I have a hard time balancing what should be allowed to go into our project and what not.
In our contributing guidelines I clearly stated that we prioritise readability. As you all know, the project is way bigger that we originally anticipated (and there are still many modules that we can add). We have been working since more than 2 years now to refactor and to standardise our code base. In this sense, I have requested changes on recent PRs that did not fit my definition of readable code (which also usually includes common practices and patterns in general, not allowing error prone quick fixes). I also believe that these requested changes contribute to a learning experience that is hard to experience otherwise.
However, pushing changes to potentially help new beginner developers with clean code should not let the current developers to feel pressed on quality and other constraints. Everyone should be able to write code that makes them motivated and experience success.

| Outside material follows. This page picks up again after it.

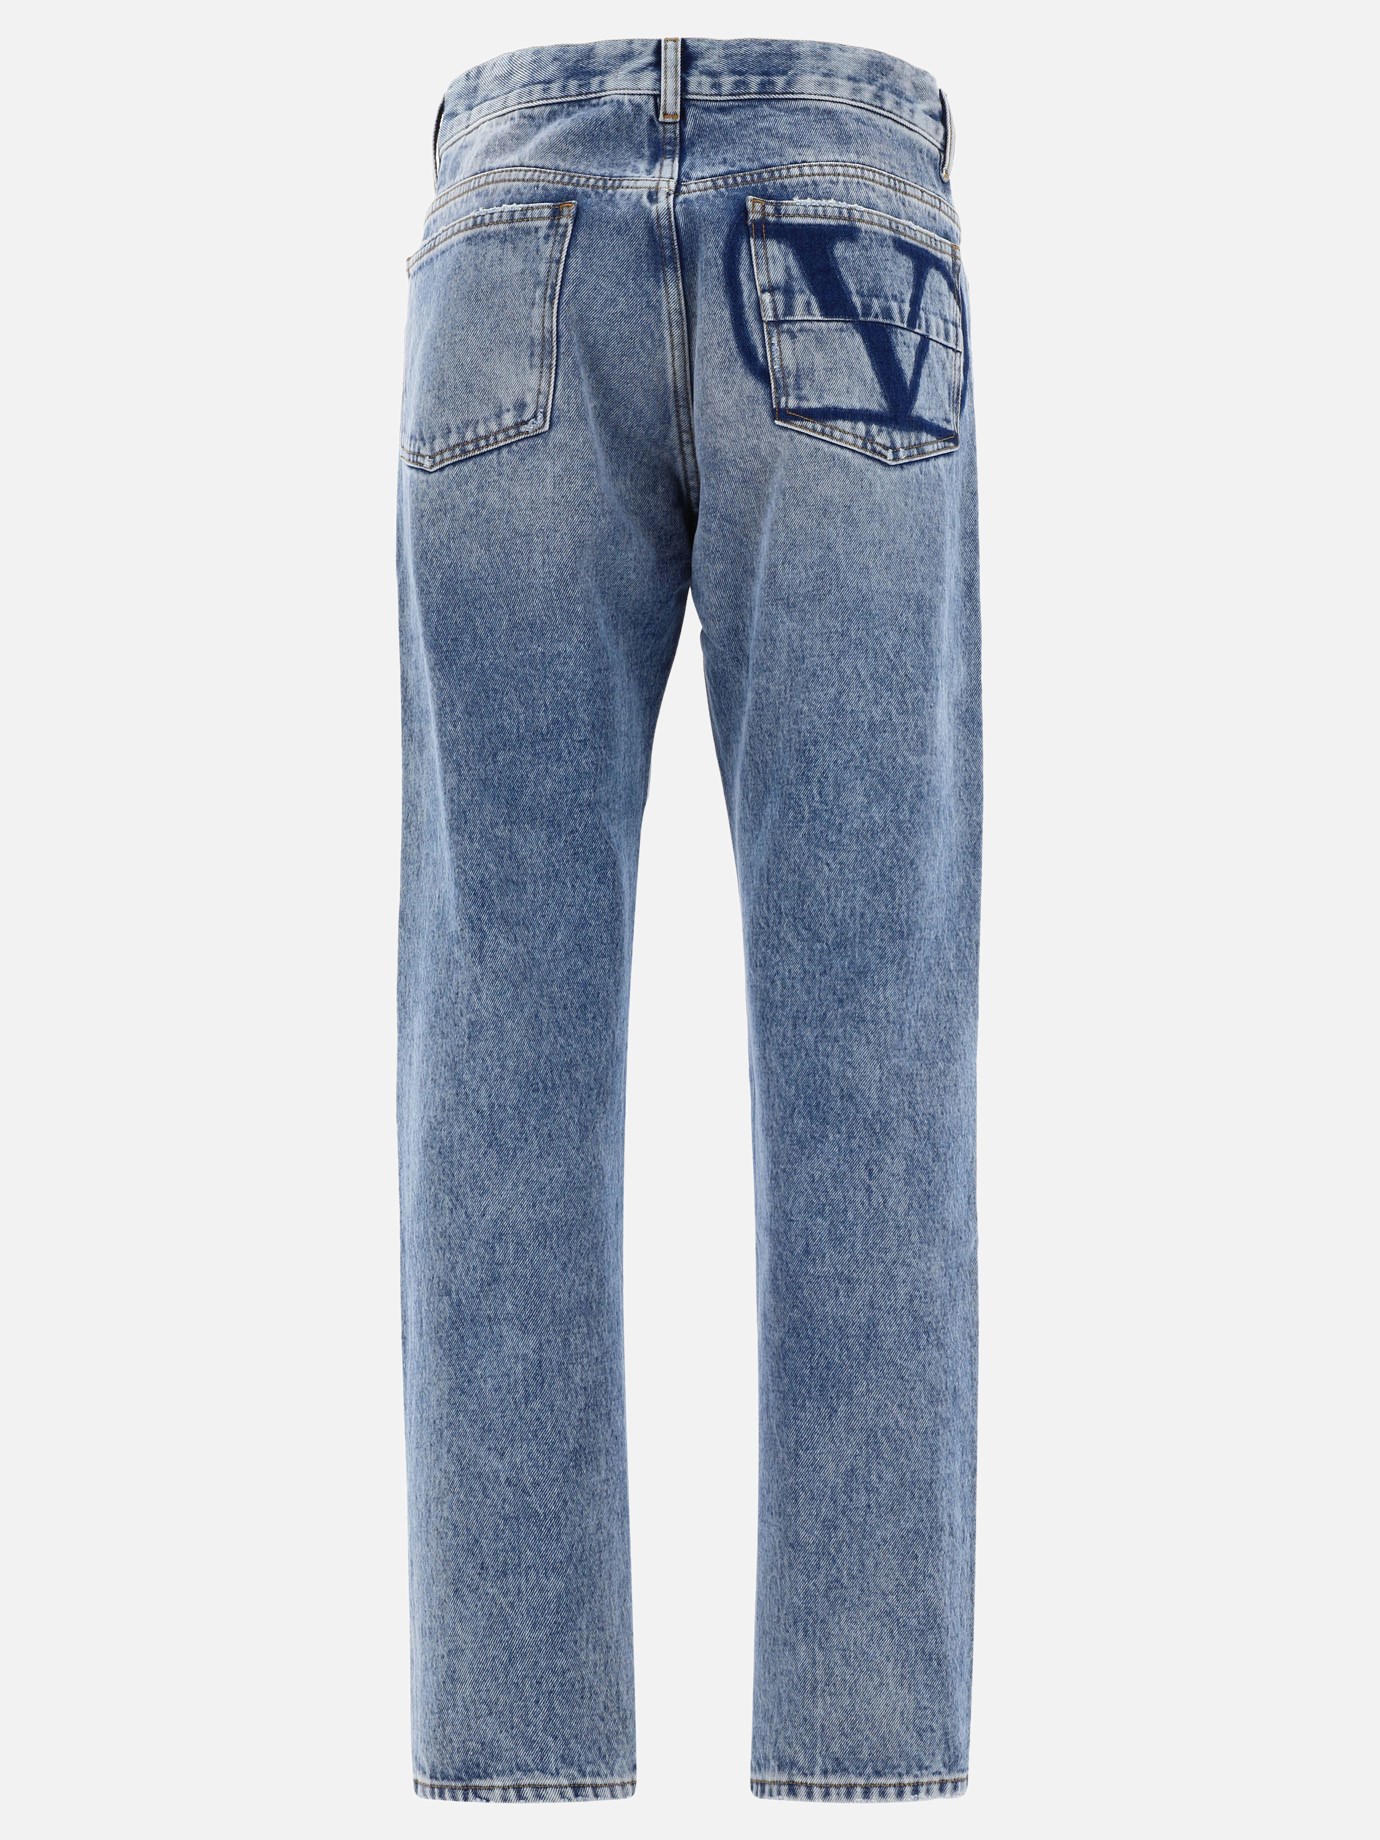  VLogo  jeans by Valentino

We already had some exceptions of merging code that has to be improved later, which is fine by me in exceptional cases but otherwise my goal was to handle the issues in early stages, even if the scope got bigger than a "small bugfix". I understand that that might be annoying.
When I proposed those bigger changes, I also don't know what is the good solution, whether the implementation worth the effort at all, I'm just offering some paths that we can explore and learn about.
After all, this project is still a playground, at least to me, and this gives us the possibility to learn and explore new things, to spend hours on something really nice and cool just to realise it did not worth it, cause that's how we learn how and when to use the same architecture and patterns later.
I wanted to hear how do you feel about this, and suggest how should we proceed. I am still busy solving our old problems, I just don't want (or rather simply, I won't) start fixing new problems introduced. Maybe it's fine like that..?
Slightly connected, but also please let me know if you have any insights how the integration of beginners went.